May 5, 2025
CHOICE Act: Florida nears passing law to further strengthen employers’ ability to contract for stronger non-compete protections
Significant changes coming to Florida non-compete agrements in 2025.
May 5, 2025 | FORS | ATTORNEYS AT LAW
Florida employers should prepare for significant changes in the enforceability of noncompete and garden leave agreements with the anticipated signing of the Contracts Honoring Opportunity, Investment, Confidentiality, and Economic Growth (CHOICE) Act. This legislation, set to take effect July 1, 2025 if signed into law by Governor Ron DeSantis, aims to provide greater certainty and structure to restrictive covenants in employment contracts—while also carving out major exceptions for healthcare professionals. Nevertheless, with the passage of this bill, Florida aims to solidy its position as one of the most employer-friendly states in this context.
Key Takeaways for Florida Employers
1. Noncompete Agreements
The CHOICE Act will allow Florida employers to enter into noncompete agreements lasting up to four years, provided they are narrowly tailored and meet certain wage thresholds. These agreements may limit a former employee's ability to compete within a specified geographic area and industry—so long as the employer demonstrates a legitimate business interest, such as protecting confidential information or maintaining client relationships.
2. Garden Leave Periods Up to Four Years
Employers may now include “garden leave” provisions requiring employees to provide up to four years' notice before resigning. During this period, the employee must be paid full salary and benefits. After 90 days, the employee is no longer required to perform services, but may only engage in other work with employer approval. A garden leave provision is a clause in an employment agreement that requires an employee—after resigning or being given notice of termination—to remain employed and continue receiving salary and benefits for a specified period, but without performing any actual work or accessing sensitive company information.
3. Who Qualifies?
The Act only applies to “covered employees”—defined as individuals "reasonably expected" to earn more than twice the annual mean wage in the county here the employer’s principal place of business is located. Yes, independent contractors are deemed to be covered employees for purpose of the law.

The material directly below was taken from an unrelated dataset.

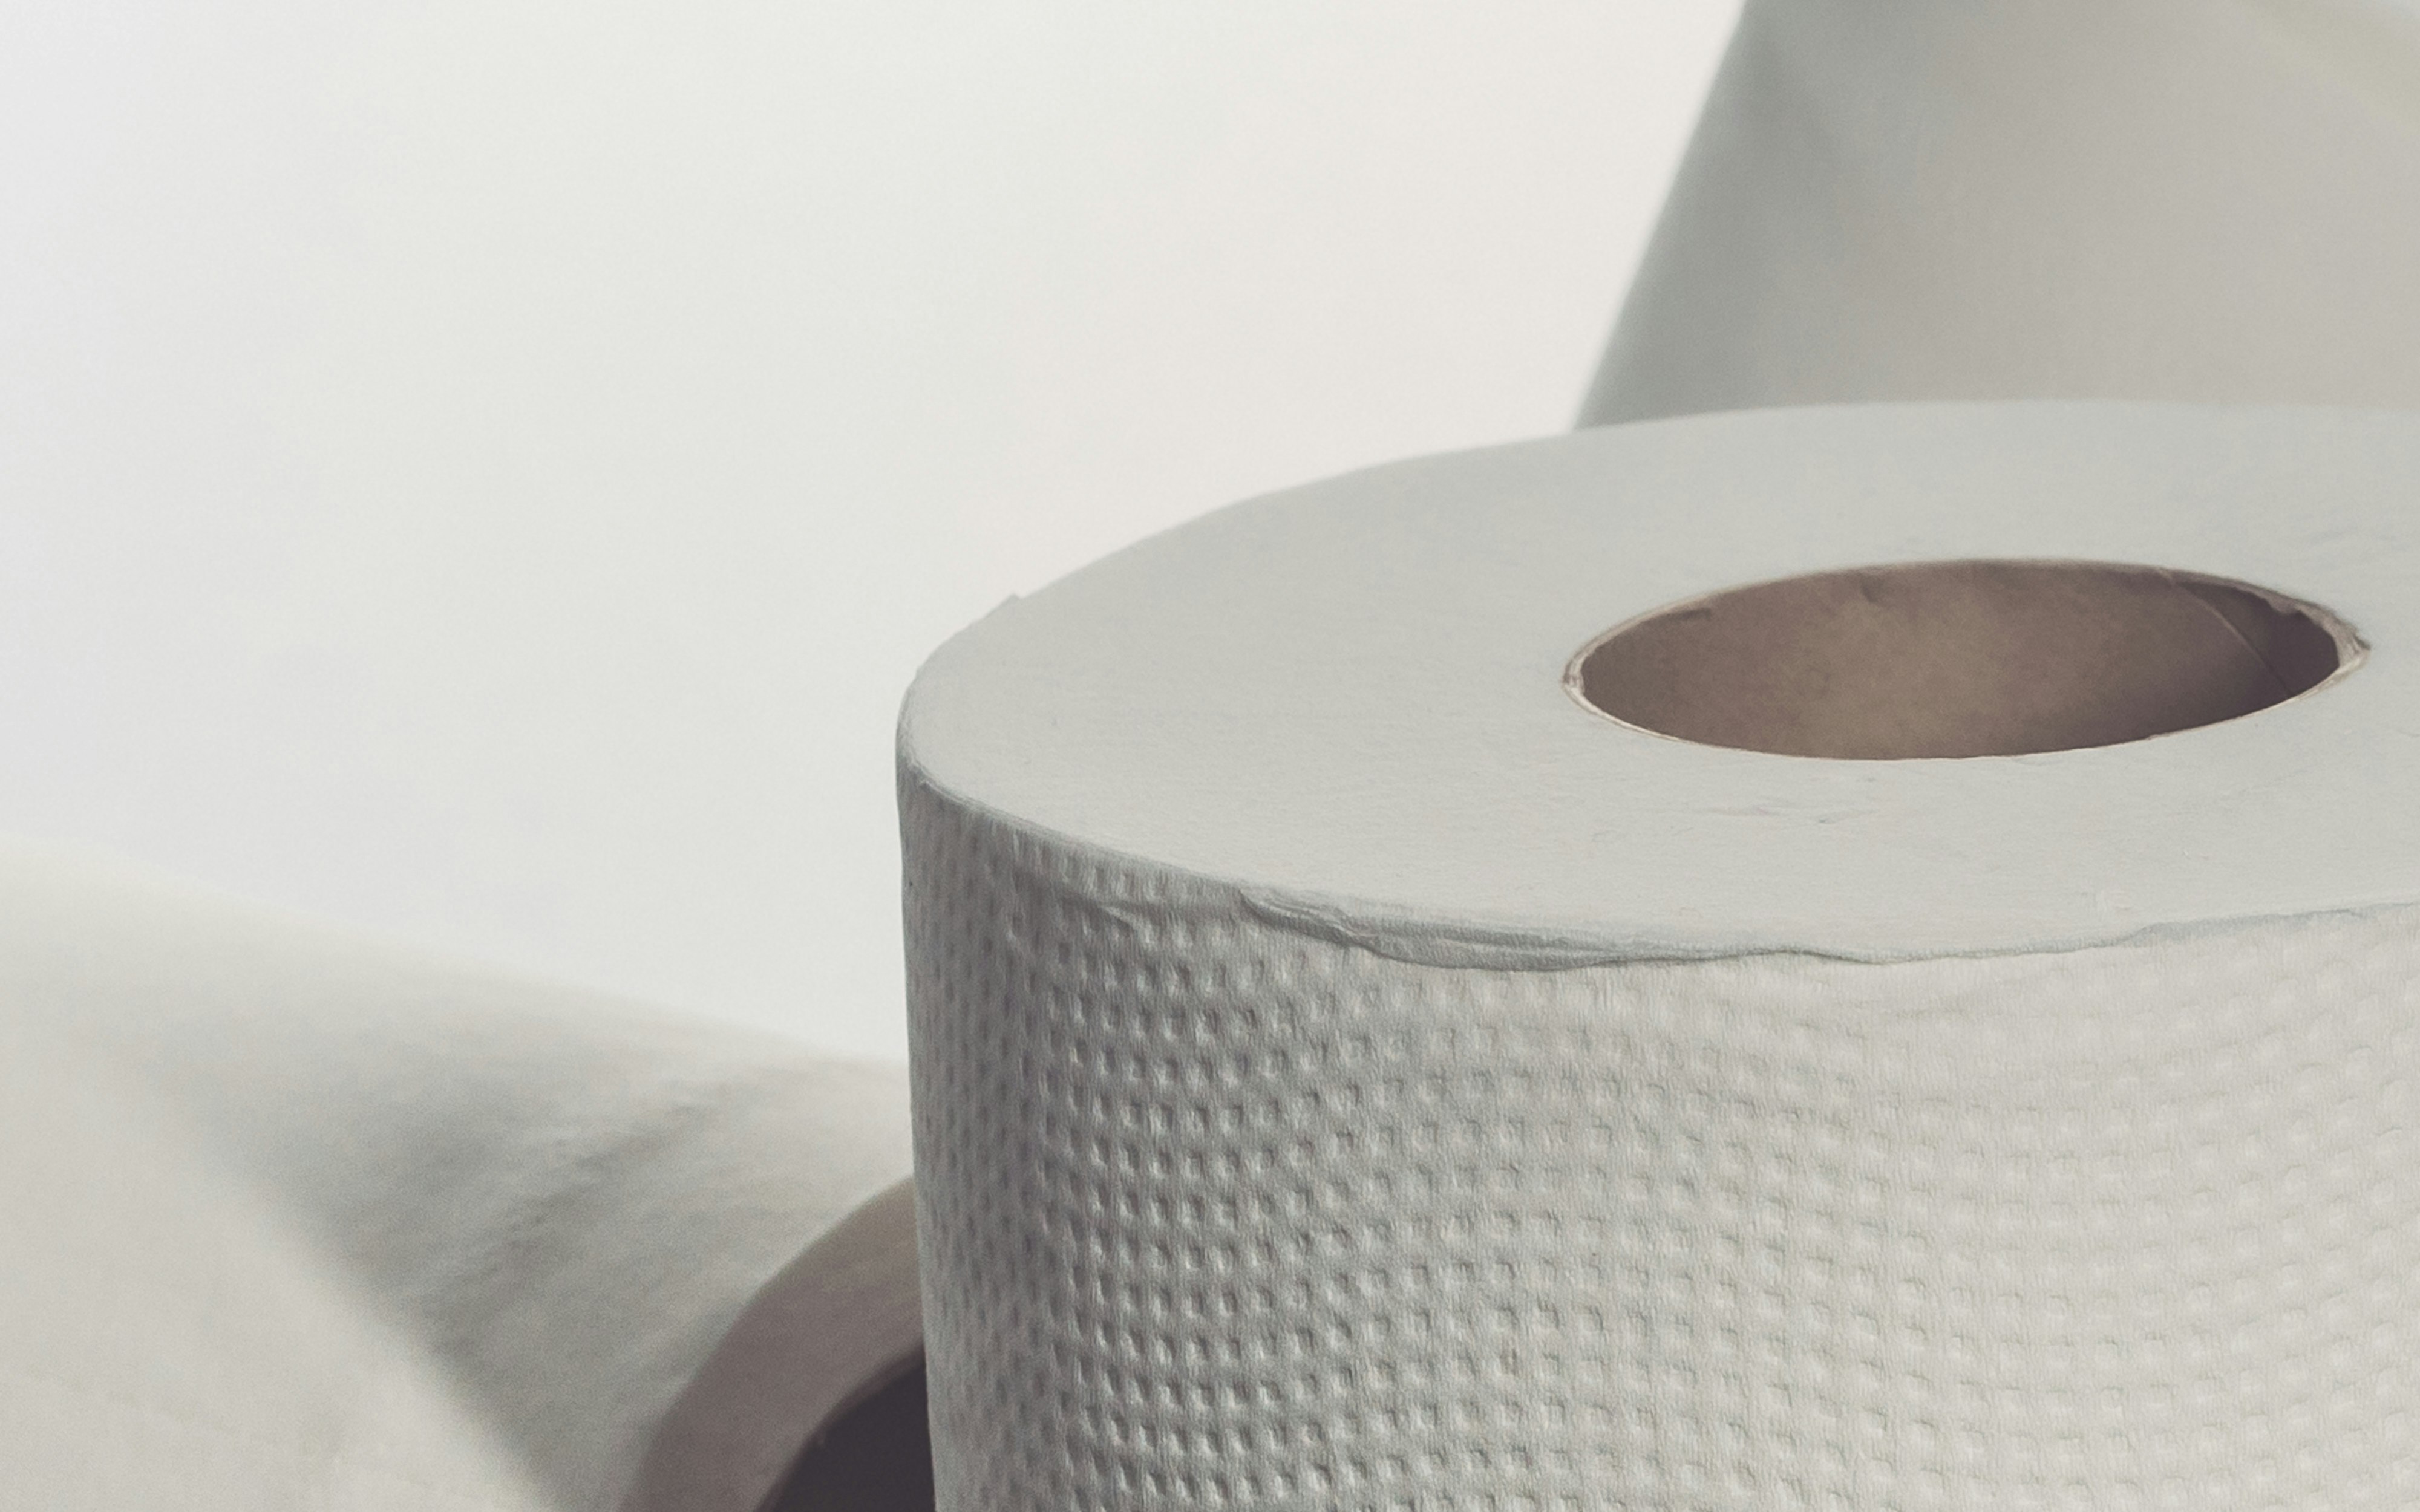 Texture of toilet paper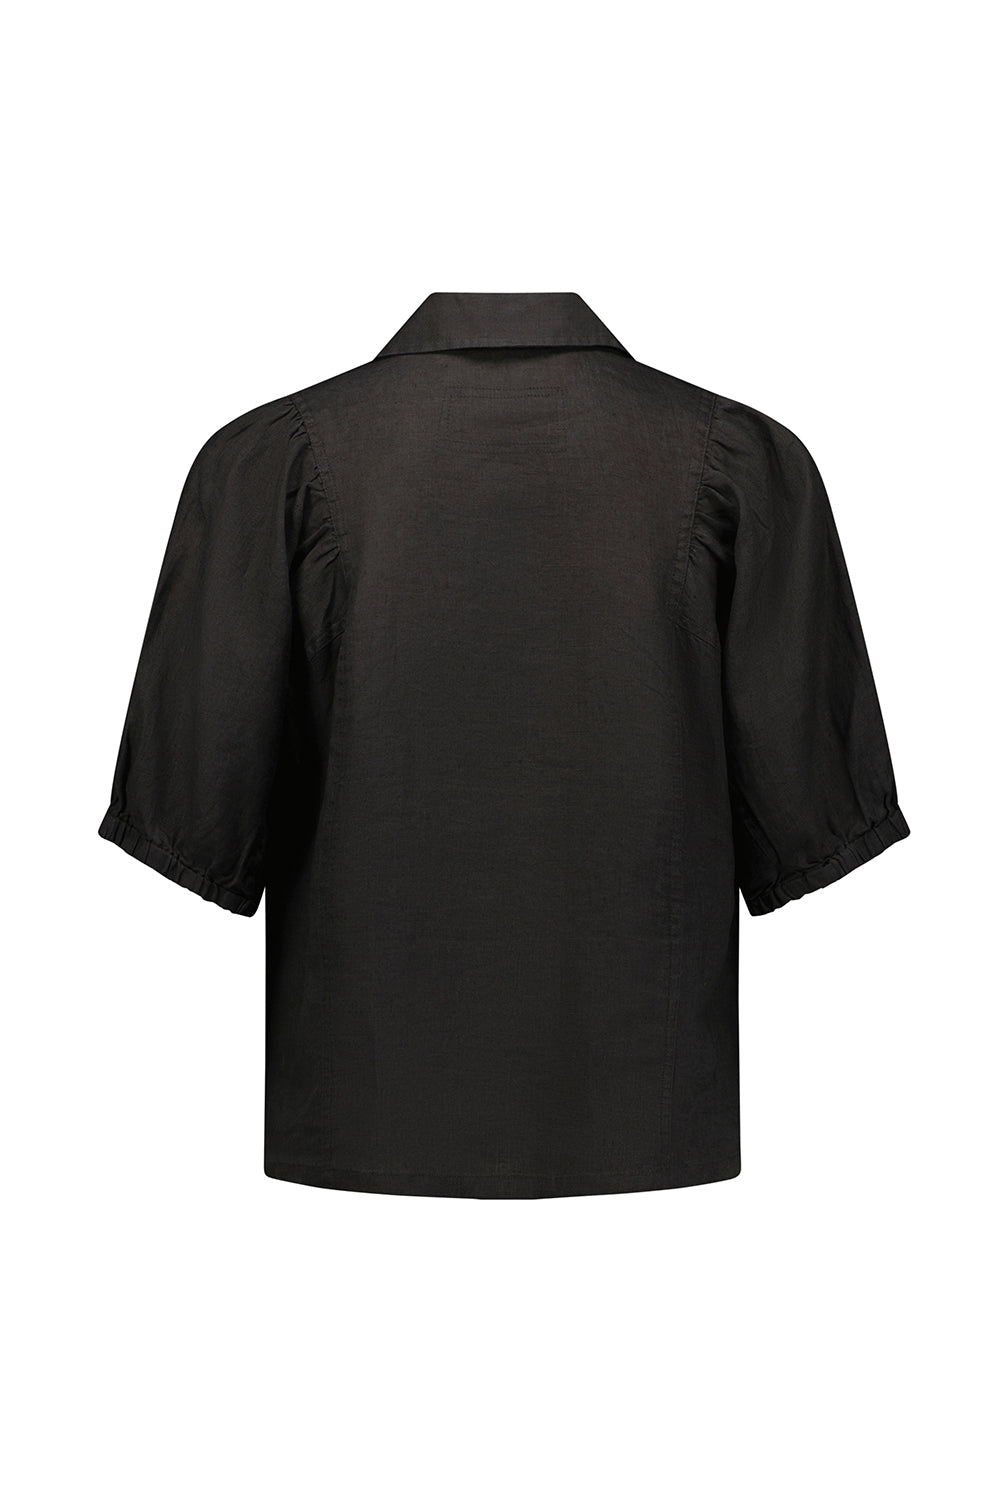 Adorn Shirt - Black - Shirt VERGE

4. Healthcare Professionals Are Exempt
Importantly, most licensed healthcare practitioners are excluded from the Act’s coverage. This means that doctors, nurses, psychologists, and similar professionals cannot be subject to new noncompete or garden leave agreements governed by the CHOICE Act.
5. Enforcement Tools for Employers
If a dispute arises, Florida courts must issue a preliminary injunction enforcing the restrictive covenant unless the employee proves, by clear and convincing evidence, that they will not use confidential information or solicit restricted clients. Employers who prevail in enforcement proceedings are entitled to recover attorneys’ fees and damages.
What Should Employers Do Now?
Employers should review and revise their employment agreements in advance of the CHOICE Act's effective date. While the new law enhances enforceability for qualifying agreements, it also requires strict compliance with technical criteria—particularly around the procedure for execution of such agreements.
At FORS | ATTORNEYS AT LAW, we help Florida businesses navigate the evolving business landscape.
This blog post is intended for informational purposes only and does not constitute legal advice. For legal guidance tailored to your specific situation, please consult with an attorney.